On the face of it, it does appear that yes, women are still saving less money than men. According to the 17th Annual Transamerica Retirement Survey, and a subsequent write up in Forbes magazine, “compared to men, women are: saving far less for retirement, worrying a good deal more and calling retirement saving a lower financial priority.” This is a statement also backed up by a 2016 report by CreditDonkey.com, which says, “Women are not saving for retirement or putting money away for a rainy day”. To refer to some statistics from the same report; “63% of women said that they were not currently saving for retirement, and over 55% said that they had no saving strategy currently in place”.
The question to be asked in the face of these statics is of course; Why? Why are women saving less than men?
There are a number of external social and economic factors that influence women’s saving ability, I am well aware. One of these is pointed out by the Transamerica Report, saying that most workers in America are offered a 401(k) or other self-funded plan by their employers; however, men (at 73%) have greater access to these plans, compared to only 68% of women. In the UK it is now mandatory for all businesses to enrol their staff on a Workplace Pension Scheme. However, the % of your salary that you wish to pay is left up to the individual to decide.

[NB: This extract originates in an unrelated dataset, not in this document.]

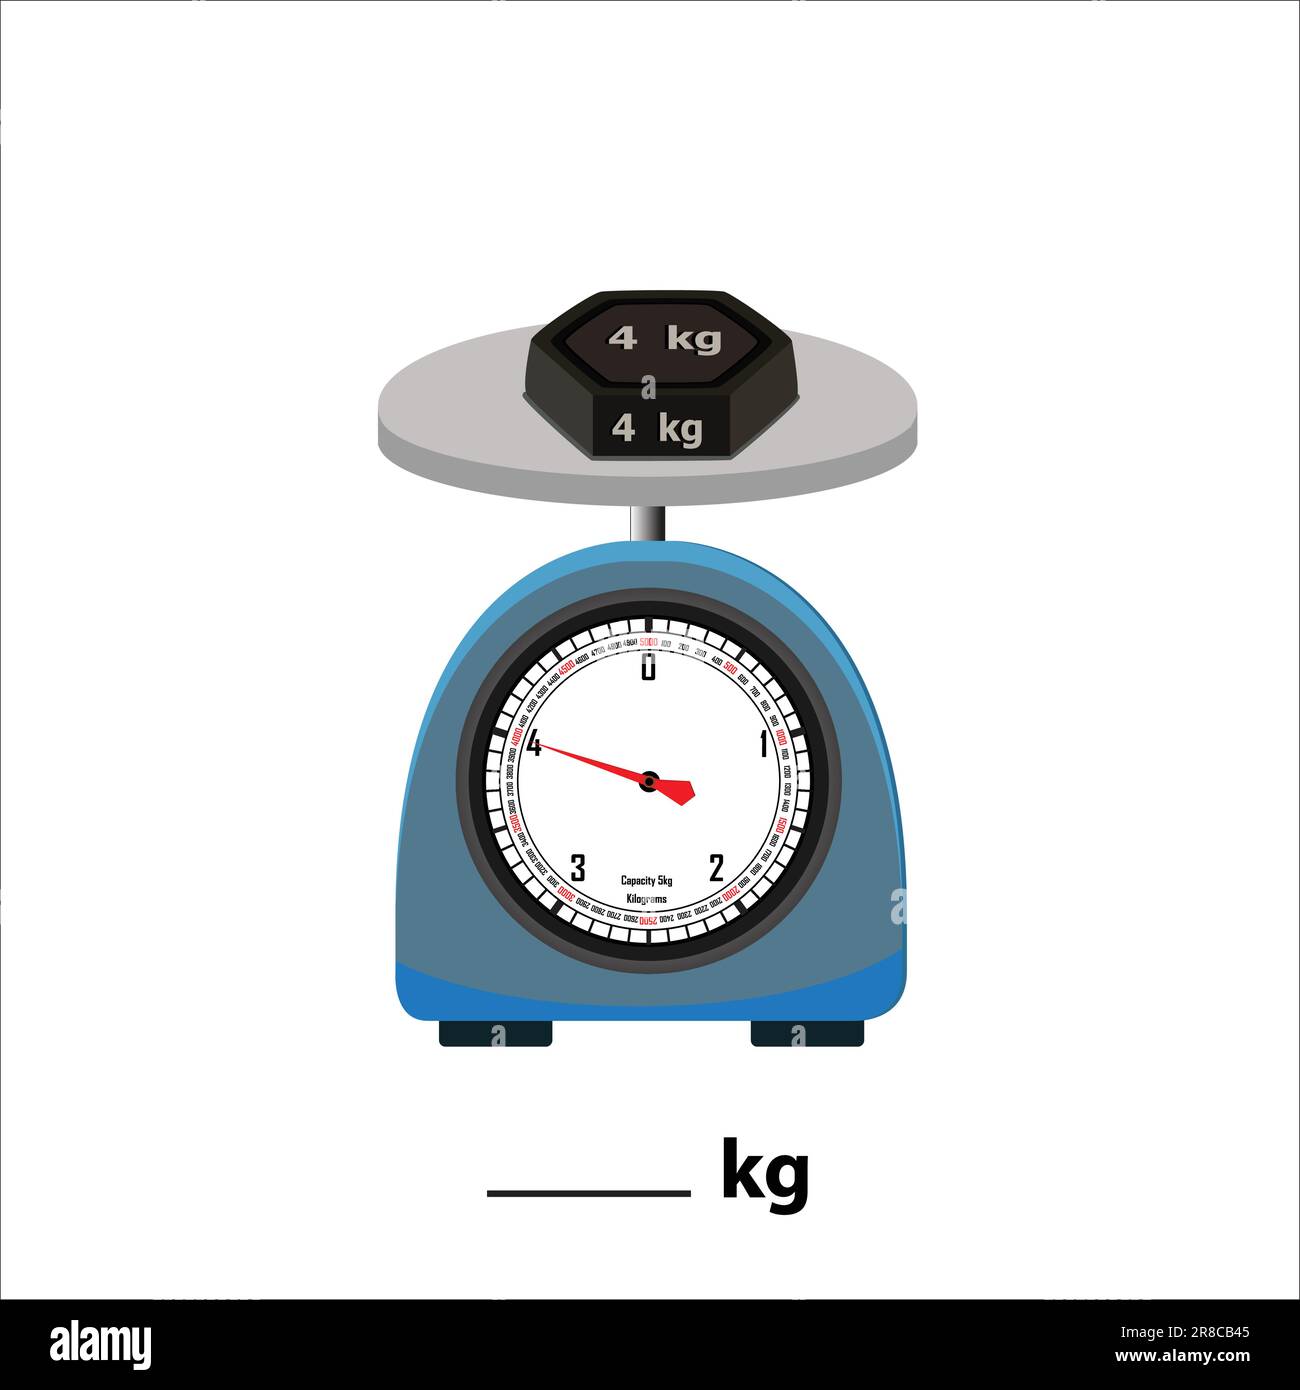 Wight stone 4kg on weighing scale, isolate on white background. Weight balance vector illustration. Equilibrium comparison sign business concept. Stock Vector

Another social factor influencing women’s ability to save, is the need for them to take career gaps (seeing as how we are still the only ones able to bear children!). This often leads to women rejoining the workforce on reduced hours, or reduced salaries, in order to meet childcare needs and to combat the spiralling costs. For many people on average working salaries paying for full time childcare is just not an option as it is too expensive. In comparison, men are far more likely to be able to continue their career trajectory uninterrupted. This is something that needs to be urgently addressed in all countries. Shared paternity and maternity leave is slowly becoming more standard, but the sharing of the financial responsibilities of parenthood need to go even further to ensure that women are not penalised for their biology.

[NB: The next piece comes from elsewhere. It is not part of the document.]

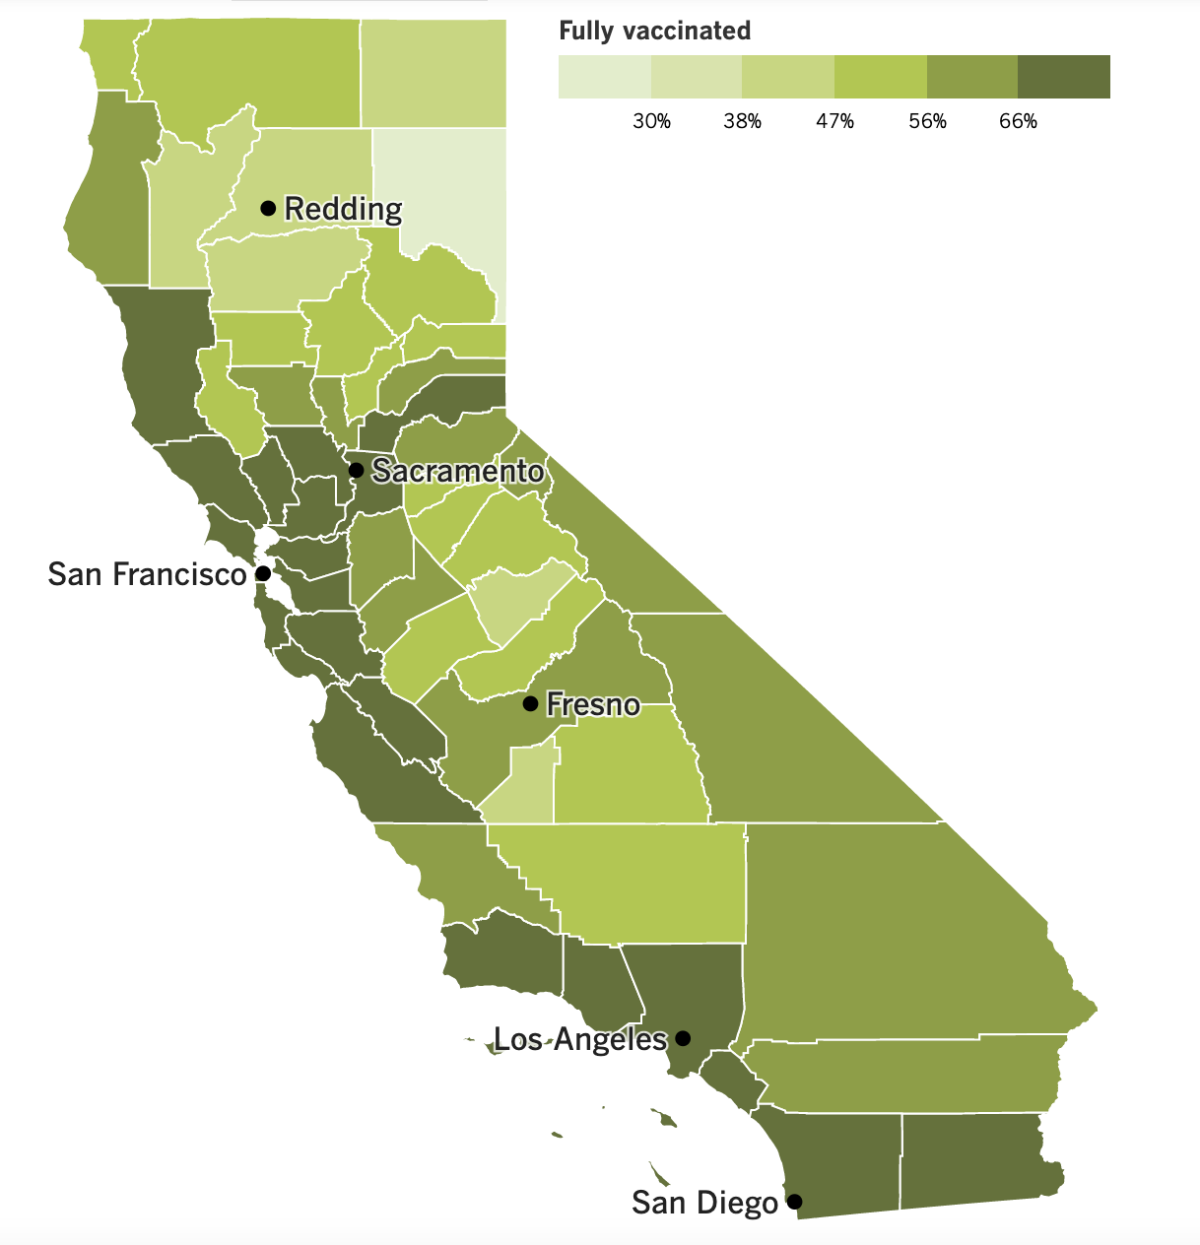 A map showing California's COVID-19 vaccination progress by county as of April 12, 2022.

A recent report by Zurich on pension savings highlighted yet another potential reason for why women are not able to save as much as men. It found that women will end up with a pension pot “worth an average £47,000 less than their male counterparts”. This is specifically due to the well-documented gender pay gap, as well as men being 10% more likely than women to be promoted to management positions.
Interestingly though, the Zurich report analysis also found that only 30% of women over the age of 18 have started saving for retirement, compared to 38% of men. Additionally, women are less likely to invest their savings, with only 17% of women investing in the stock market, compared to 31% of men. Of course, the stock market is not always a ‘sure fire winner’, but to understand how and where to invest your money in order to ensure slow and stable growth is a skill that (seemingly) women are still not engaging with.

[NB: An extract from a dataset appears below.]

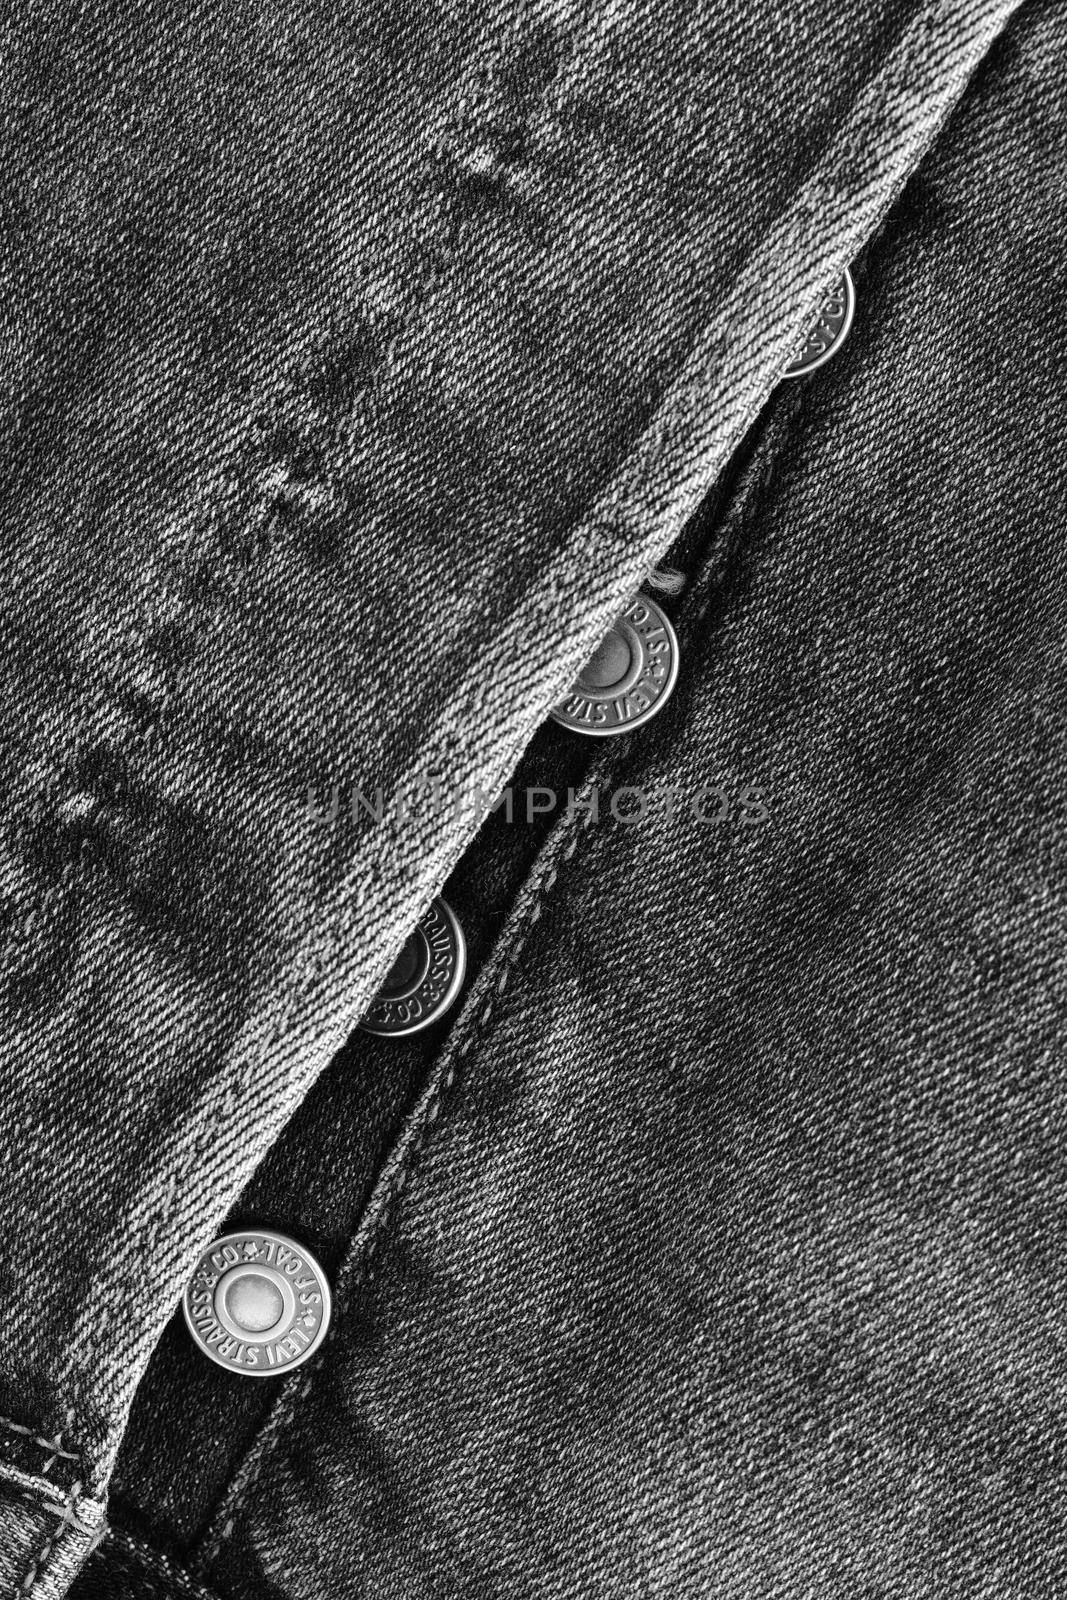 Close up of the details of new LEVI'S 501 Jeans. Buttons and seams close-up. Classic jeans model. LEVI'S is a brand name of Levi Strauss and Co, founded in 1853. 31.12.2021, Rostov, Russia by EvgeniyQW

Finally, what is probably the most notable statistic of all to take away from the Transamerica Survey, is that 53% of women polled (compared to just 36% of men), say that their GREATEST FINANCIAL PRIORITY is “just getting by – covering basic living expenses”. If it is the case, then 1 in 2 women are in a financial position where they are only able to live paycheque to paycheque, or plan only for the near future. This means that looking ahead to plan and invest for their long term future is just not a possibility. This is a worrying statistic, as it will have ramifications for society as whole if women are not offered the tools to create stable financial futures for themselves and their families.